Government legitimacy is to be distinguished from “police legitimacy,” a related concept that assesses the people’s willingness to accept and cooperate with law enforcement. Many scholars have pointed out that forfeiture practices undermine police legitimacy, especially in poor communities that see a lot of arbitrary policing, and that this leads to vigilantism and cynicism toward the police. I take this one step further and argue that this cynicism, when well-grounded, is a factor that can render the government itself illegitimate—a point the American founding fathers understood, given that they were familiar with (and abhorred) asset forfeiture practices.
Excerpt:
Because [forfeiture] admiralty cases were not considered criminal cases, they were not governed by the same standards of fairness that apply to criminal law. Courts could simply confiscate a ship belonging to an owner who had committed no crime or was unaware that a crime had been committed. Owners were not entitled to the presumption of innocence or to jury trials….

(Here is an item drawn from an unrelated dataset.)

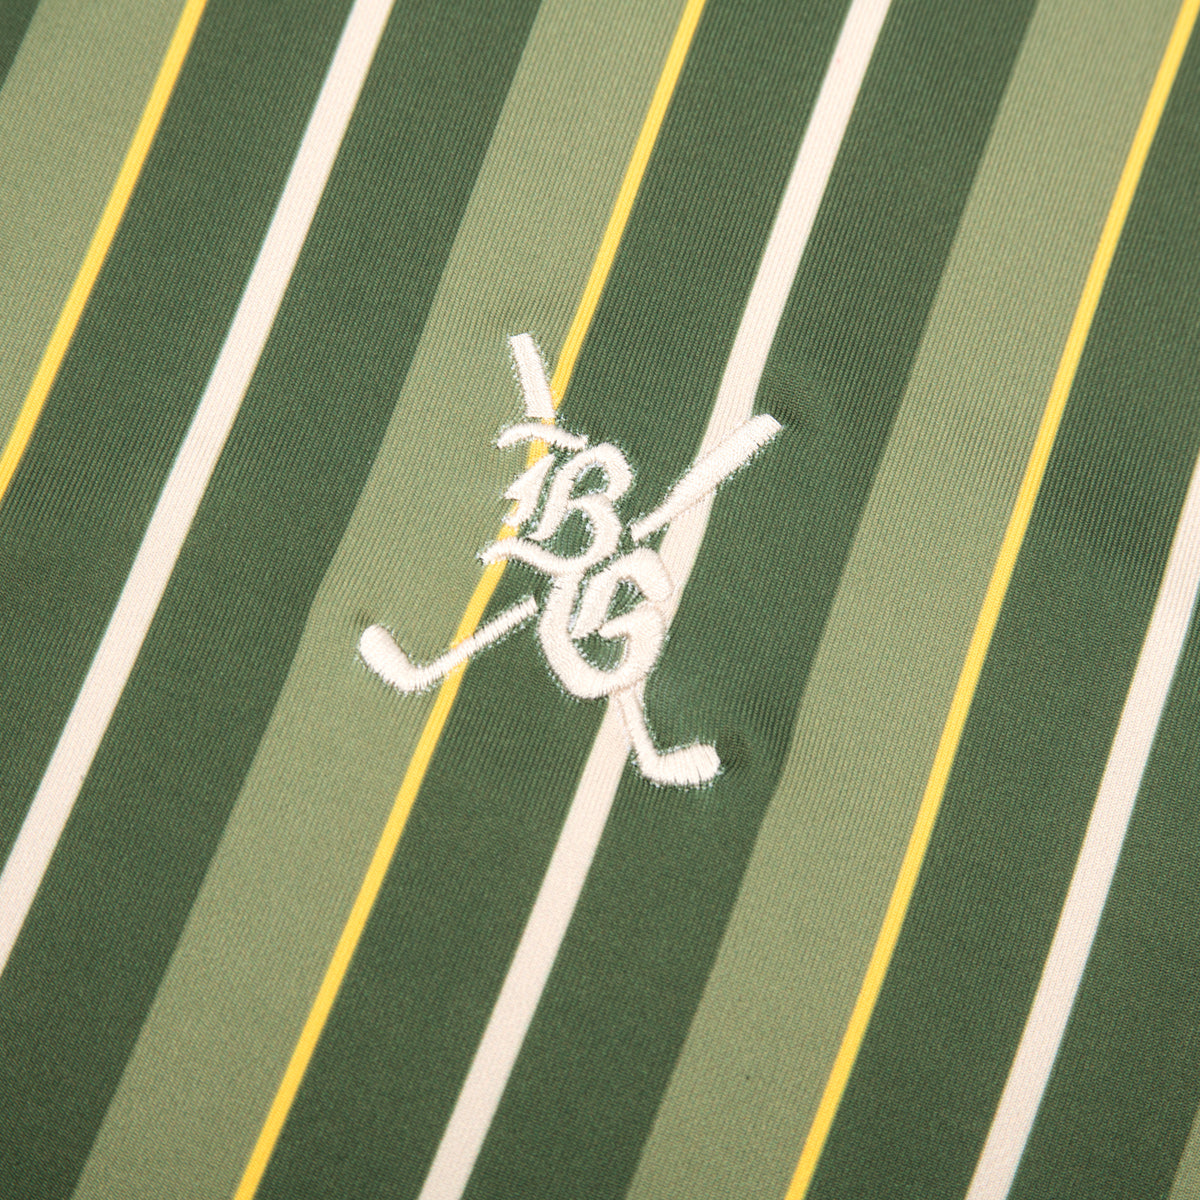 Barstool Golf Vintage Logo Striped Polo-Polos-Fore Play-Barstool Sports

America’s Founding Fathers regarded admiralty law with suspicion for just this reason. Many of them experienced its harshness themselves. In the 1760s, when the Parliament adopted the Stamp Act, the Sugar Act, and the Townshend Acts, all of which imposed burdensome taxes on the American colonies, it also expanded the power of the British admiralty courts to enforce these measures. This meant admiralty courts could preside over cases not involving the high seas—with the result that Americans would be denied the procedural rights they were usually entitled to, would not be entitled to trial by jury, and would be presumed guilty until they proved themselves innocent. Admiralty judges were even paid commissions based on the forfeitures they imposed, meaning that if they upheld the confiscation, they received a cut of the property.
The American patriots objected that expanding the admiralty system violated the Magna Carta’s protections for due process, and they even referred to these courts in the Declaration of Independence itself when they complained that the British monarchy had “subject[ed] us to a jurisdiction foreign to our constitution and unacknowledged by our laws,” and had “depriv[ed] us, in many cases, of the benefits of trial by jury.” In fact, John Adams called the expansion of the admiralty courts “the most grievous” of all the abuses the crown imposed before the Revolution.